2. Heeft een schuldeiser een bevel tot verdeling van de gemeenschap verkregen dan behoeft de verdeling zijn medewerking.
Uitleg in duidelijke taal
1. Een schuldeiser die een opeisbare vordering op een deelgenoot heeft, kan verdeling van de gemeenschap vorderen, doch niet verder dan nodig is voor het verhaal van zijn vordering. Artikel 178 lid 3 is van toepassing.

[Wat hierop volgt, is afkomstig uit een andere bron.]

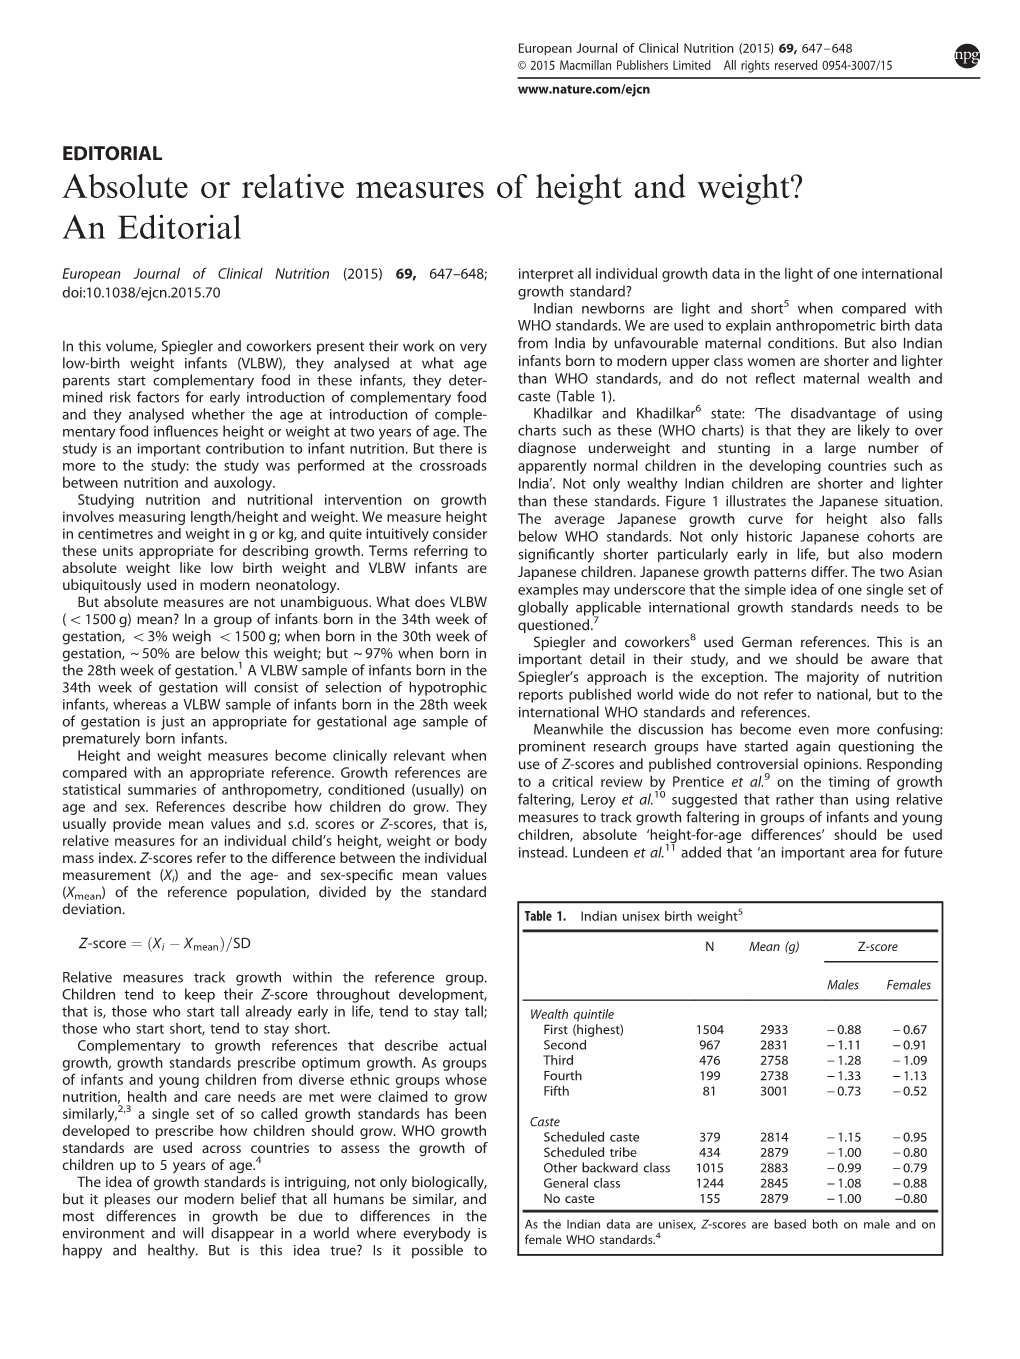 Absolute Or Relative Measures of Height and Weight&Quest

Dit lid betekent dat een schuldeiser die een direct invorderbare vordering heeft op een persoon die mede-eigenaar is van een gemeenschappelijk goed (een deelgenoot), de verdeling van die gemeenschap kan eisen. Deze eis tot verdeling mag echter niet verder gaan dan wat nodig is om de vordering van de schuldeiser te kunnen innen (verhaal van zijn vordering). Daarnaast is artikel 178, lid 3, hierop van toepassing.
2. Heeft een schuldeiser een bevel tot verdeling van de gemeenschap verkregen dan behoeft de verdeling zijn medewerking.
Dit lid stelt dat als een schuldeiser een officieel bevel van de rechter heeft gekregen om de gemeenschap te verdelen, dan is de medewerking van deze schuldeiser noodzakelijk voor het uitvoeren van die verdeling.